QUINERT Bill Nicoletta 1024x812Bill and Nicoletta Quinert, Italy

Admittedly it does seem a contradiction to speak of a forest camp in the city, because they are both opposites – the forest means isolation, no protection or shelter, being exposed to danger and cold weather, while city life means comfort, a home or apartment, warmth and social life.

Well, around 10 km from the heart of the city of Rome there is such a forest camp of African refugees — around 150-200, who live in deplorable conditions in an enormous old abandoned factory, with no lighting, no toilets, no bathrooms, no food — only cold water. The majority of refugees have travelled by boat from Libya to southern Italy, then to Rome. They are catered for in official government refugee centres, where they receive accommodation and food, but those provisions only last for a year, after which they are obliged to leave their refugee centres and provide for themselves.

Now with 13% unemployment in Italy, thousands of Italians without work, plus the enormous population of refugees, these homeless young people are desperate, with no hope, no future — what can they do to survive? We don’t know the history of this centre, but evidently some refugees have discovered this old building and moved in. The gates to the street are open, there are no guards, you can just walk in. On both sides of the long corridor inside, the homeless have built make-shift huts as rooms to sleep in. Some have purchased generators for lighting. Just from one side there is natural light that comes through the windows. The only positive thing is that the building inside is dry. To go to the toilet they need to take a walk to the fields with trees nearby. The men have built crude huts outside the back of the building where they have a cold shower.

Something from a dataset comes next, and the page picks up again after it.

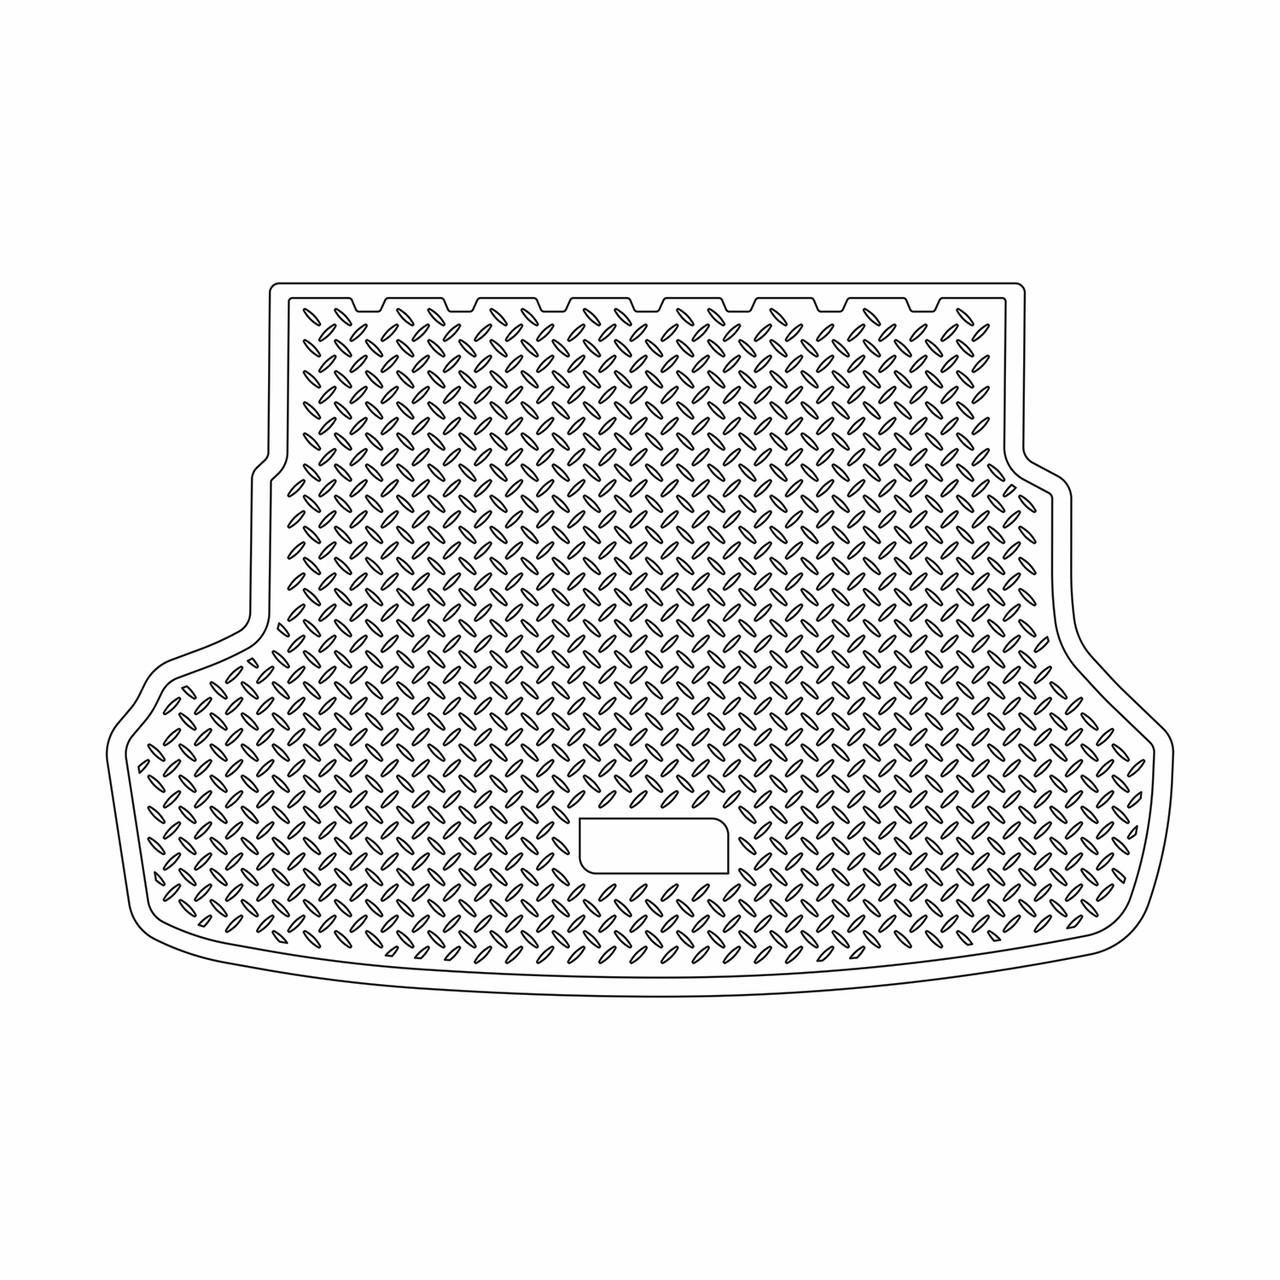 Коврик в багажник Kia Rio седан (2011-2016)
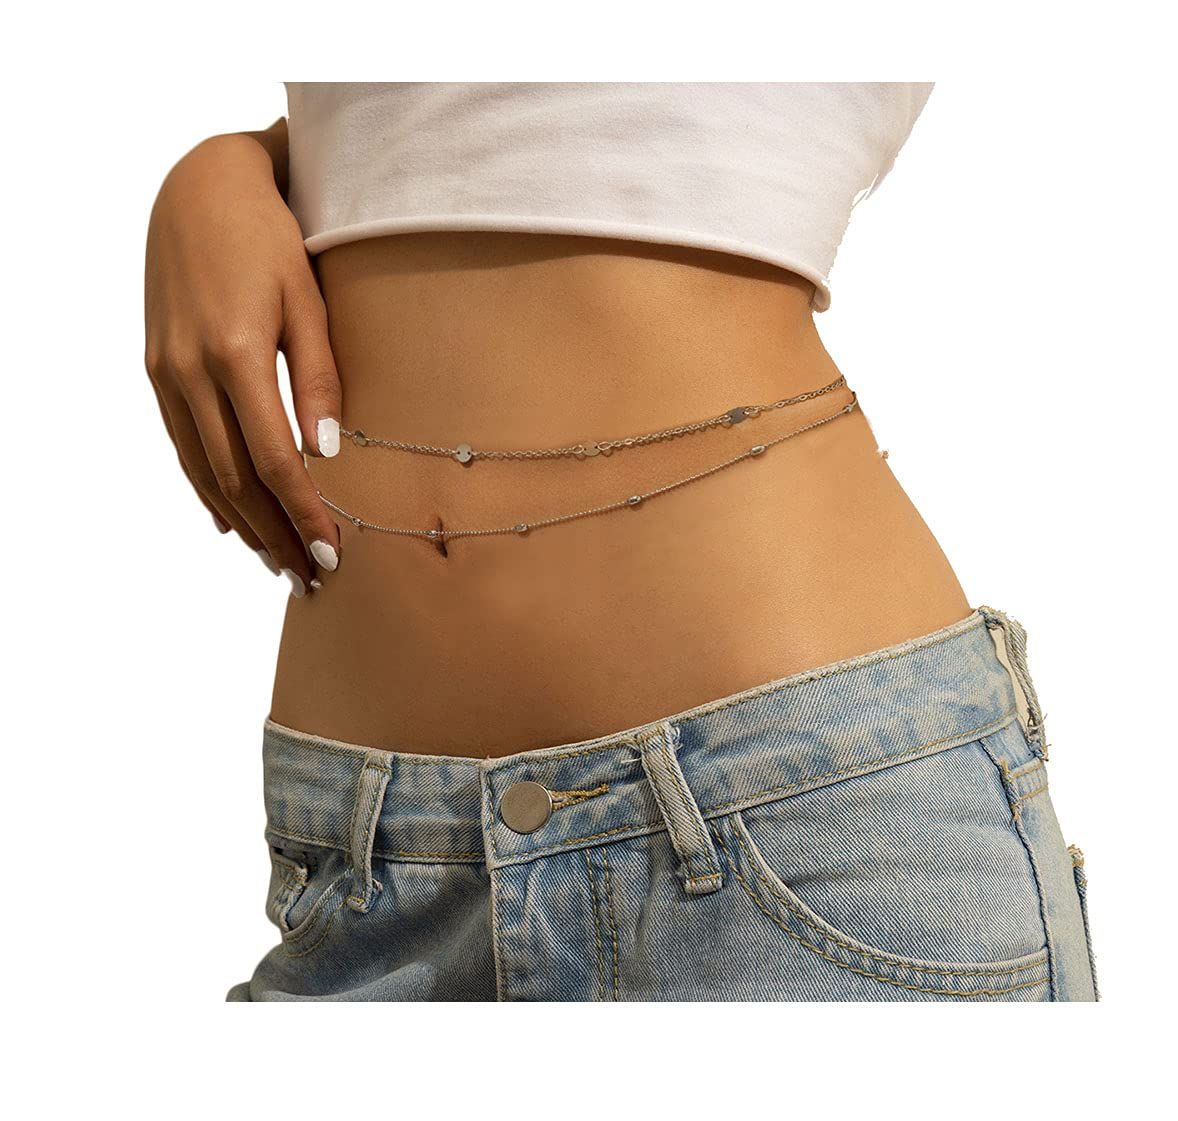 2pcs Women Sexy Belly Waist Chain Beads Sequin Body Chain Summer Bikini Body Jewelry(Golden)

Whereas in other official refugee centres we aren’t permitted to enter to talk or witness, here we have complete freedom to enter, like the refugees themselves. The majority of them are Nigerians, and nearly all born-again Christians, while there are others who are Muslims from different countries. All the Nigerians speak English, so the three of us who visit are able to communicate well, while others speak French and a little Italian. By coincidence we made contact with the centre just a few months ago and go to visit once a week. We pass out clothing and fruit, and we speak openly with the Nigerians, giving them Bibles in English, sharing from the Word of God to bring comfort and give hope, as well as teaching them the ways of the Lord. When some are willing we pray with them and share their burdens — they are generally grateful and appreciative of the love we show them. Actually we can’t do more than that to help them in their plight, but with these small gestures of love, a smile and a hug, we are able to communicate meaningfully. Of course we also speak with the Muslims, and witness to explain who Jesus is and how to go to heaven, but generally they are very closed to the gospel.

Yet we do want to do more, so we are praying and hoping to rent a premises to use as a storage facility for clothing and literature in various languages, not too far from the centre. Here we can also take some of them to read the Word together, maybe offer a meal and pray with them, as well as give them our friendship. This is a project we are working on and we trust God to provide, so at the moment we don’t know how things will go, yet we press forward by faith, trusting in the Lord for His guidance and provision.